“大哥,我们错了!您的钱我们全返,一分不少!看在我们村这些老弱病残的份上,就饶了我们这一回吧!”
“你们知道我是谁吗?”我扫过众人。
众人纷纷摇头,又齐刷刷看向赵刚。
赵刚赔着笑:“您指定是德高望重的大人物,不然身边咋会有仙家跟着!对了,那仙家没跟您来吗?”
“怎么,想他了?要不要我把她叫出来?”
赵刚立马夹紧腿捂住下身,脑袋摇得跟拨浪鼓:“不用不用!咱们自己能解决,绝不麻烦仙家!”
我心里门儿清,那日守墓狐定是把他们吓得不轻,才会这般忌惮我。
我站起身,目光扫过屋里屋外的所有人:“听清楚了,我叫张玄,江城风水协会会长,乾坤风水堂的风水先生。”
“你是风水师?”赵刚瞪大了眼,满是不敢置信。
“没错。”我看着众人,“你们苦水村,是后天形成的风水死局,满村尽是败落之相,你们干这些偷鸡摸狗的勾当,不过是走投无路,不得已而为之,对吧?”
这话一出,赵刚的眼圈瞬间红了,声音也哑了:“张大师,您懂我们啊!”
“你们想不想破了这死局,过正常人的日子?”
“想,咋不想啊做梦都想!可那也只是想想罢了。”方才那壮汉低声嘀咕,满脸的绝望。
“只要你们全听我的,我便帮你们苦水村走出困境,从此不用再靠敲诈过活。”
村民们面面相觑,满脸不安和疑惑。
这时,那老太太走上前,说道:“小伙子,你不是跟我们开玩笑吧?”
“绝无戏言。”
“就冲你这句话,今天这笔生意我们不做了,你走吧。”
“我说了,能帮你们解决困境,你们不信我?”
老太太叹口气,眼里满是无奈:“不是不信,是我们这村子的风水局,是无解的死局!我们也算是自作自受吧,不能再把你连累了,虽说我们做了绑匪,但做人的良知还在,你走吧。”
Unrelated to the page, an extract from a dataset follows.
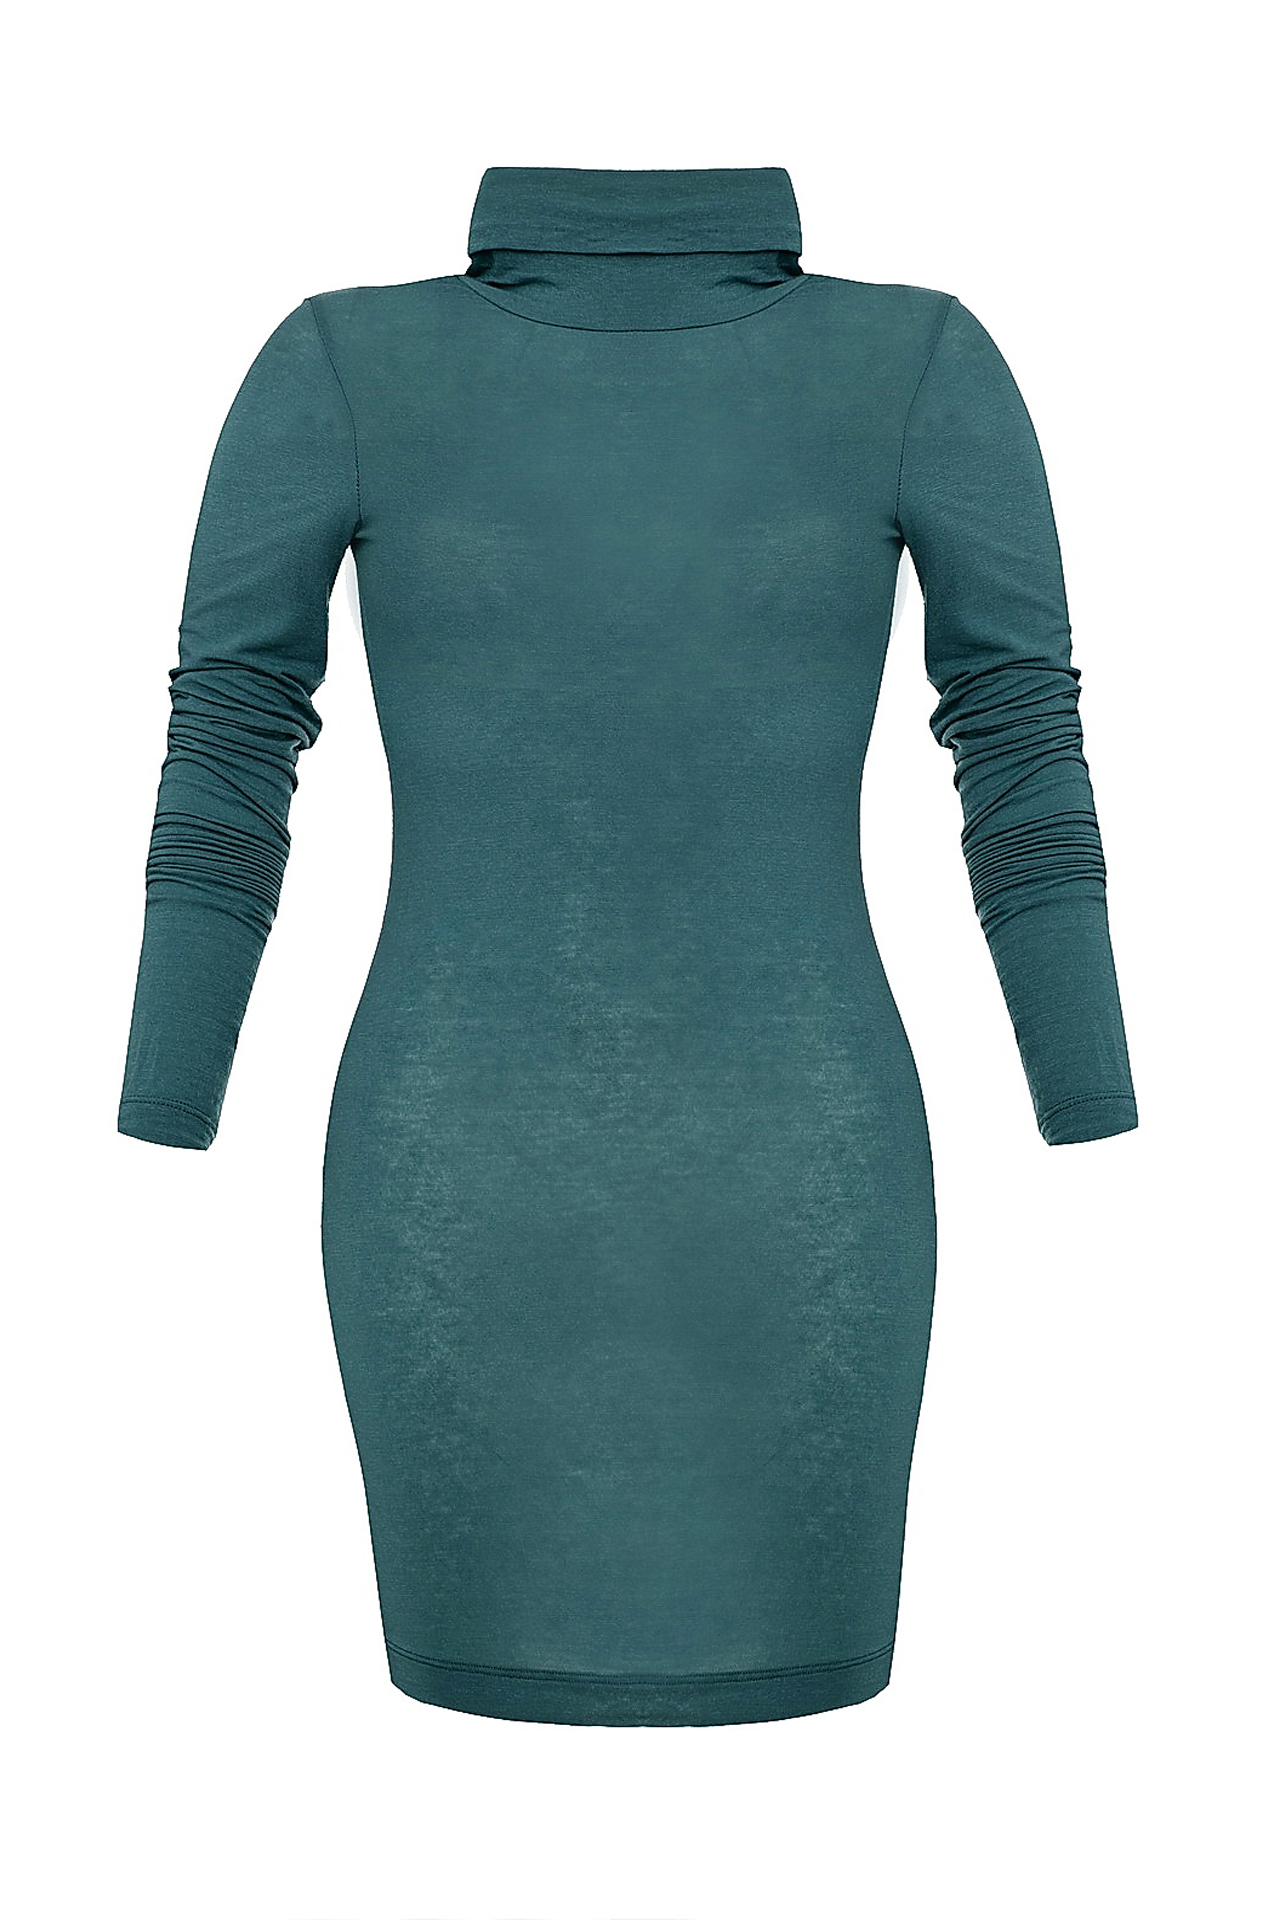 Одежда женская Водолазка NORTHLAND (US0223/11.2). Купить за 2800 руб.
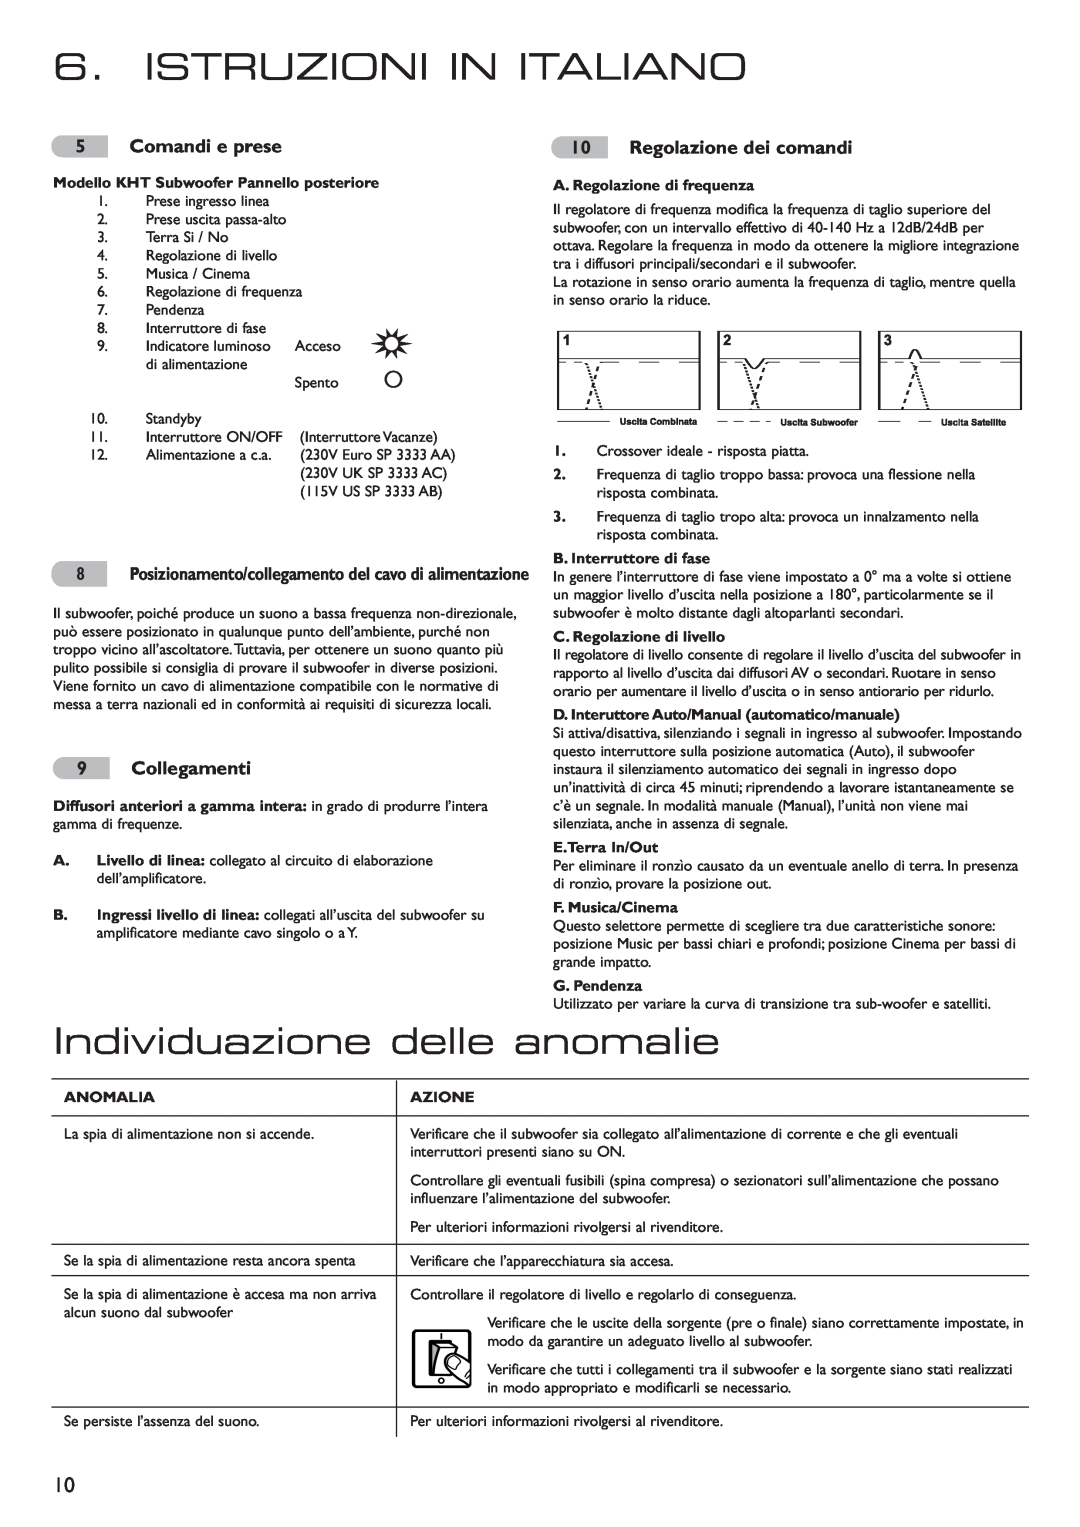 KEF Audio 290149ML installation manual Istruzioni In Italiano, Individuazione delle anomalie, Comandi e prese, Collegamenti

我让赵刚起来,然后说:“你们村子是被下了诅咒,只要配合我,便能解了这困局。”
这话让所有人都愣住了,赵刚一脸震惊:“张大师,您竟然知道我们村被下了诅咒?”
“只要你们把前因后果全告诉我,毫无隐瞒,我定能解了这诅咒,若是解不了,我每年给你们村子筹款两百万,供你们维持生计,如何?”
这话像一颗炸雷,让所有人都呆立当场,他们干这敲诈的营生,本就担着天大的风险,本地香客早知道苦水村的底细,闻风而逃,外地香客又寥寥无几,一年到头也讹不了多少钱。
有时候顶多敲个万八千的,要不是快一个月没开张,也不敢张口就跟我要十万。
所以,五百万对他们来说,就是天文数字。
人群里炸开了锅,有人小声嘀咕:“大哥,天底下有这等好事?白帮咱们不算,还白给咱们钱?他怕不是傻吧?”
“要不然,咋让咱们敲诈了三回呢。”
“别胡说!”赵刚喝止道,“张大师是有大义的人,不是咱们之前遇到的那些货色!你们不知道,我当初抢了他的车,被他身边的仙家制服,他非但没怪我,还给了我钱,让我拿回去给孩子治病,我信他,他是有大爱的人。”